Kentucky Mule is an exploration of an alternative architecture for Scala compiler design (specifically typechecker) with focus on speed. Lessons learnt from Kentucky Mule apply to a wide range of possible compilers and are not limited to just Scala compiler.
Kentucky Mule's origins are described in my blog post Can Scala have a highly parallel typechecker?
Since the time I wrote the blog post, I rephrased the original question into a twofold one with only winning outcomes:
How to build a highly parallel and high performance typechecker, or does Scala have a fundamental language design flaw that prevents such from being built?
The prototype in this repo computes outline types I described in the blog post. The outline types enable computation of dependencies between symbols in the symbol table.
Kentucky Mule is the name of a bourbon-based cocktail served at Beretta, a San Francisco restaurant. Other ingredients of Kentucky Mule are ginger beer, lime juice, a pinch of cane sugar and mint as garnish.
Kentucky Mule is mixed and served in Collins glass at 1199 Valencia St in San Francisco's Mission district.
Let's see Kentucky Mule in action. Below Kentucky Mule is analyzing
scalap
sources and printing dependencies as seen at the API level, without
typechecking method bodies:
Kentucky Mule processes over two thousand lines of code in 600ms on a cold JVM.
Once the JVM is warmed up the parser becomes bottleneck. If I skip parsing in benchmarking, Kentucky Mule calculates outline types at speed of processing over 4.4 million lines of Scala code per second.
If I add dependency extraction and analysis (as presented above) of scalap sources, the performance is at 1.8 million lines of Scala code per second.
The form of typechecking (or "pre-typechecking") implemented by Kentucky Mule
is a very stripped down version of the real typechecking scalac
performs when
computing types of declarations. However, there's one benchmark in the repo
where the comparison is fair. The name of the benchmark is 10k.scala
.
In this specific benchmark, the work scalac
and Kentucky Mule do is very
comparable. And the performance of both is different. The Scala compiler
typechecks the 10k.scala
Scala files at the speed of 7k lines of code per
second. Kentucky Mule typechecks the 10k.scala
at the speed of 15m lines of
code per second. Yes, Kentucky Mule is that blazingly fast.
See my notes in notes.md
for more details about this benchmark.
Kentucky Mule can be ran with these two commands:
$ sbt assembly
$ scala -cp kentuckyMule.jar kentuckymule.Main
The goal of Kentucky Mule wasn't a working implementation but trustworthy numbers. I wanted to get a sense whether ideas for parallelizing Scala typechecking have a leg to stand on. The idea was to estimate limits of Scala typechecking performance with as little development cost as possible.
The original goal drove principles of Kentucky Mule development:
- Transparent pricing - I added many benchmarks and at each step of implementing Kentucky Mule I measured performance cost of supporting Scala feature.
- Only the paranoid survive - many smart people have tried to optimize the Scala compiler performance before by following the conventional wisdom to "avoid premature optimization" and had very limited results. Kentucky Mule takes a paranoid approach and assumes itself to sit at the fringes of the conventional software construction practices. Almost everything in Kentucky Mule is an exercise in premature optimization.
- It's a voyage - my goal was to explore fresh ideas in compiler architecture I wanted to see effects on potential performance gains of an implementation driven by different architecture compared to what is found in Scala and Dotty, javac and many other compilers in the wild.

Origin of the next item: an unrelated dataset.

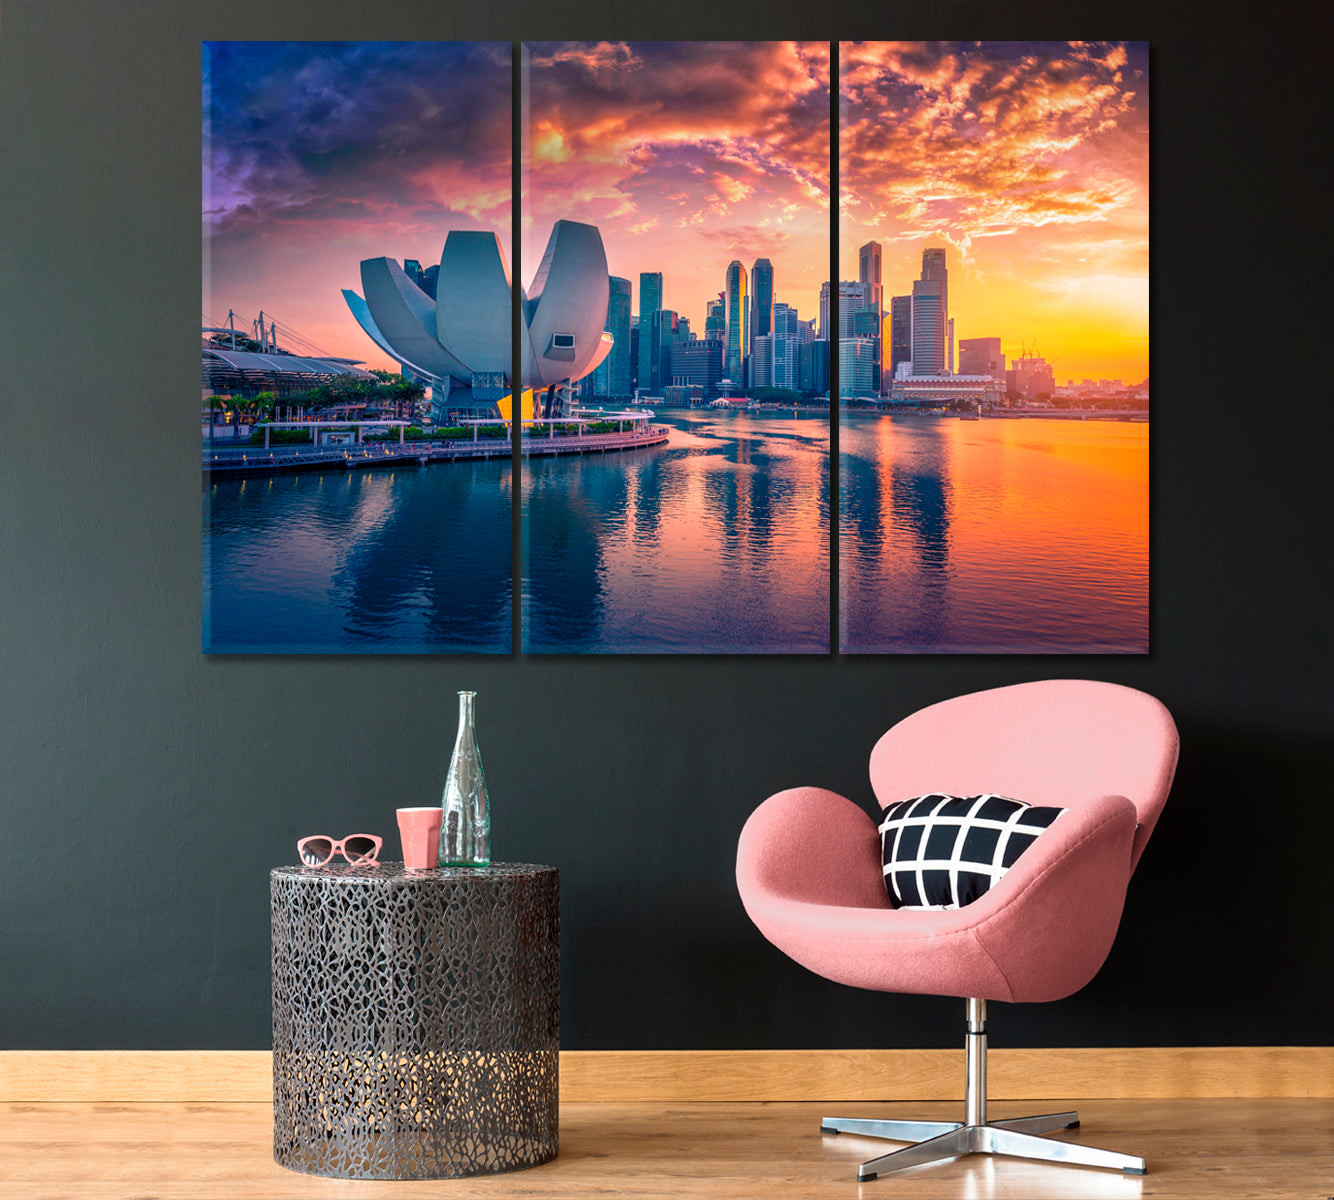 Singapore Skyline with Marina Bay at Sunset Canvas Print ArtLexy 3 Panels 36"x24" inches 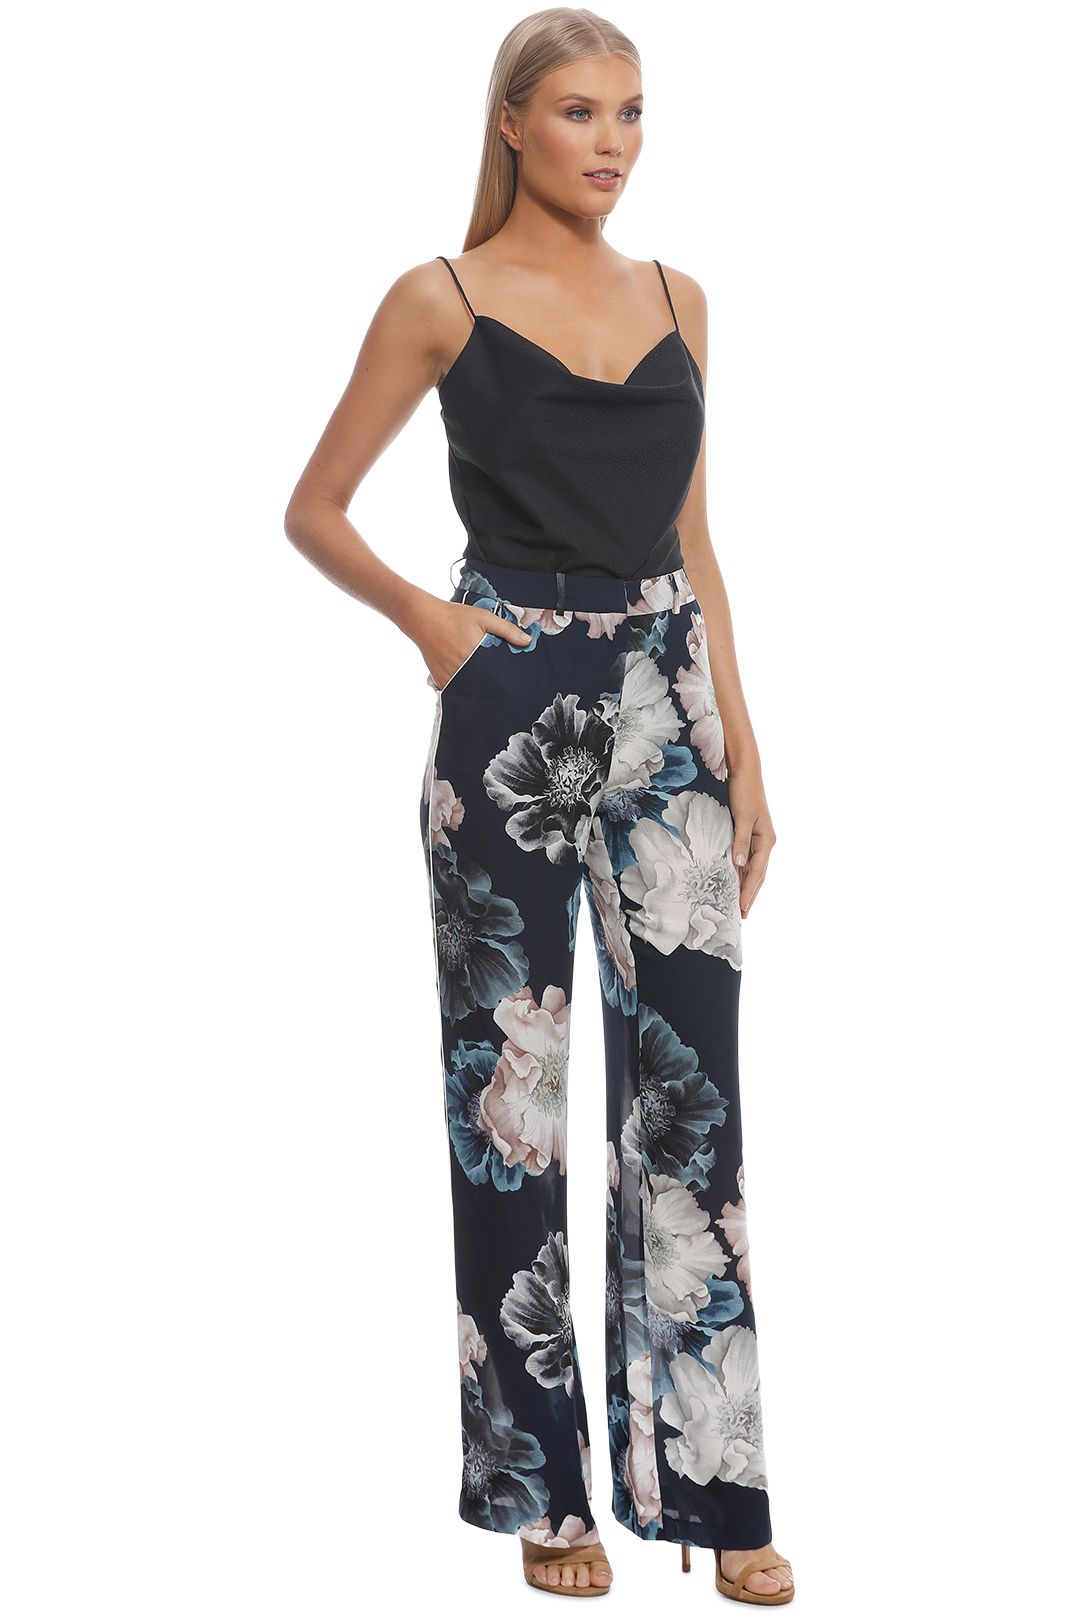 Nicholas The Label - Navy Floral Palazzo Pant - Navy - Side

- Loss aversion driven development - performance losses are easier to defend against over performance gains to win. This principle is about limiting the search space for a performant implementation. Instead of having a feature-rich but slow implementation with unknown directions for optimizations, I started with a tiny, feature-less implementation and I iterated over implementing new features incrementally and carefully watching performance. The advantage of latter approach is that at each step the direction is easier to spot: I know the feature I want to implement and the change to code is relatively small. Small changes to logic are easier to understand from performance-cost point of view. This principle is inspired by the loss aversion effect described in economics and decision theory.
In particular, the code of Kentucky Mule doesn't use any of functional programming idioms. Even higher-order functions are almost never used. If there was an investigation whether I'm a fan of functional programming, this code base would kill any defense line envisioned even by the best lawyer money can find.
Check notes.md for details of the architecture explored in Kentucky Mule that leads to an extremely fast performance.
Kentucky Mule is licensed under the 3-Clause BSD License
Kentucky Mule borrows the Scala parser from Dotty and for that reason is licensed under the same license.